Probability Exercises - Weebly



Probability Exercises

1. Suppose we have a bag with 3 red,2 black and 5 white balls. From this bag a ball is drawn and it is returned . What is the probability of drawing

( i ) either a red or a black ball ?

( ii ) either a white or a black ball ?

2. A sub committee of 6 members is to be formed out of a group consisting of 7 men and 4 women. Calculate the probability that the sub committee will consist of ( a ) exactly 2 women and ( b ) at least 2 women ?

3. The probability that A can solve a problem is 4/5, B can solve it is 2/3, and C can solve it is 3/7.If all of them try independently find the probability that ( a ) Problem will be solved ( b ) Problem will not be solved.

4. A bag contains 6 red and 5 blue balls and another bag contains 6 red and 8 blue balls. A ball is drawn from the first bag and without noticing its colour put into the second bag. A ball is then drawn from the second bag. Find the probability that ball drawn is blue.

5.Two cards are drawn from a pack of 52 at random and kept out. Then one card is drawn from the balance 50 cards. Find the probability that it is an ace.

6.The odds against X solving a problem are 8 to 6.The odds in favour of Y solving are 14 to 16. What is the probability that the problem( a ) will not be solved ( b ) will be solved.

7. A coin is tossed 6 times . What is the probability of getting at least 2 heads.

8. Two persons throw a dice alternately till one of them gets a multiple of 3 and wins the game. Find there respective chances of winning.

9. A man simultaneously tosses a coin and throws a die beginning with the coin. What is the probability that he will get a head before he gets a 5 or 6 .

10. Three machines A,B,C produce respectively 50%,30%,20% of the total no of items in a factory. The percentages defective items by these machines are 3%,4%,5% respectively. An item is drawn at random find the probability that item is defective .

11.The probabilities of X,Y,Z becoming managers are 4/9,2/9,1/3 respectively. The probabilities that bonus scheme will be introduced if X,Y,Z, becomes manager are 3/10,1/2,1/5 respectively.

( a ) What is the probability that bonus scheme will be introduced? ( b ) If the bonus is introduced the manager is X.

12. There are 4 boys and 2 girls in room A, and 5 boys and 3 girls in room B. A girl from one of the two room laughed loudly. What is the probability that girl is from room B

13. You observe that your boss is happy with your call is 0.6. When he is happy the probability of acceding to your request is 0.4 whereas if he is unhappy probability of acceding to your request is 0.1.You call one day and he accedes to your request . What is the probability of boss being happy?
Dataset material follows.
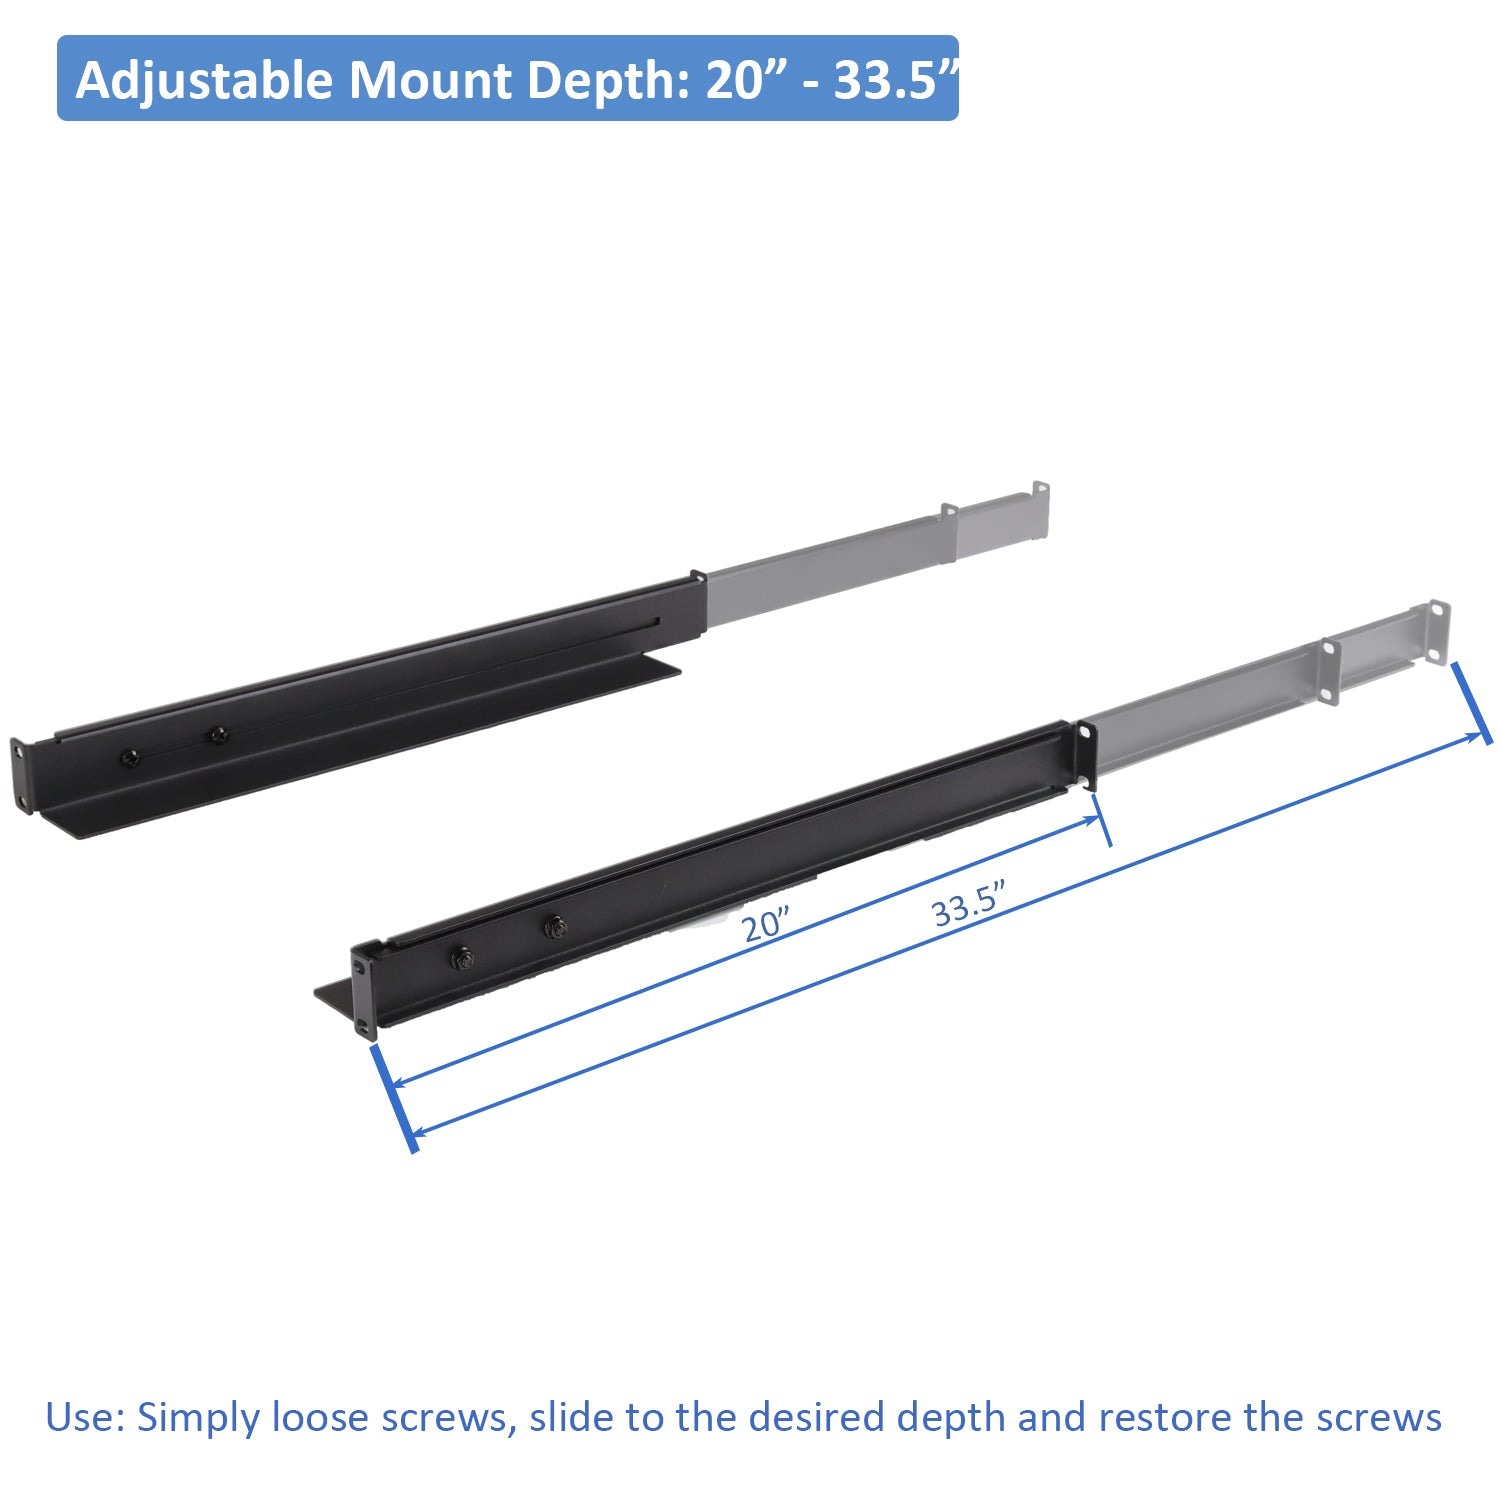 Aeons Universal 1U Adjustable Rack Mount Server Shelf Rails, up to 33.5-inch Depth

14. In a competition an examinee either guesses or copies or knows the answer to a multiple choice question with 4 choices. The probability that he makes a guess is 1/3. he copies is 1/6, and he knows is 1/8. Find the probability that he knew the answer to the question ,given that answer is correct.

15. A company uses selling aptitude test in the selection of salesman. Past experience has shown that only 70% of all persons applying for a sales position achieved a classification of dissatisfactory in actual selling , whereas the remainder were classified satisfactory. 80% has scored a passing grade on the aptitude test. Only 25% of those classified dissatisfactory has passed the test on the basis of this information . what is the probability that a person would be satisfactory salesman given that he passed the aptitude test .

16.A candidate is selected for interview for 3 posts . For the first post there are 3 candidates, for the second post there are 4 and for the third there are 2 candidates. What are the chances that the candidate gets at least one post.

17. The table below gives the probabilities of error and number of account statement made by A,B,C respectively.

A B C

Probability 0.2 0.25 0.55

Number 10 16 20

Find the expected number of correct statements in all.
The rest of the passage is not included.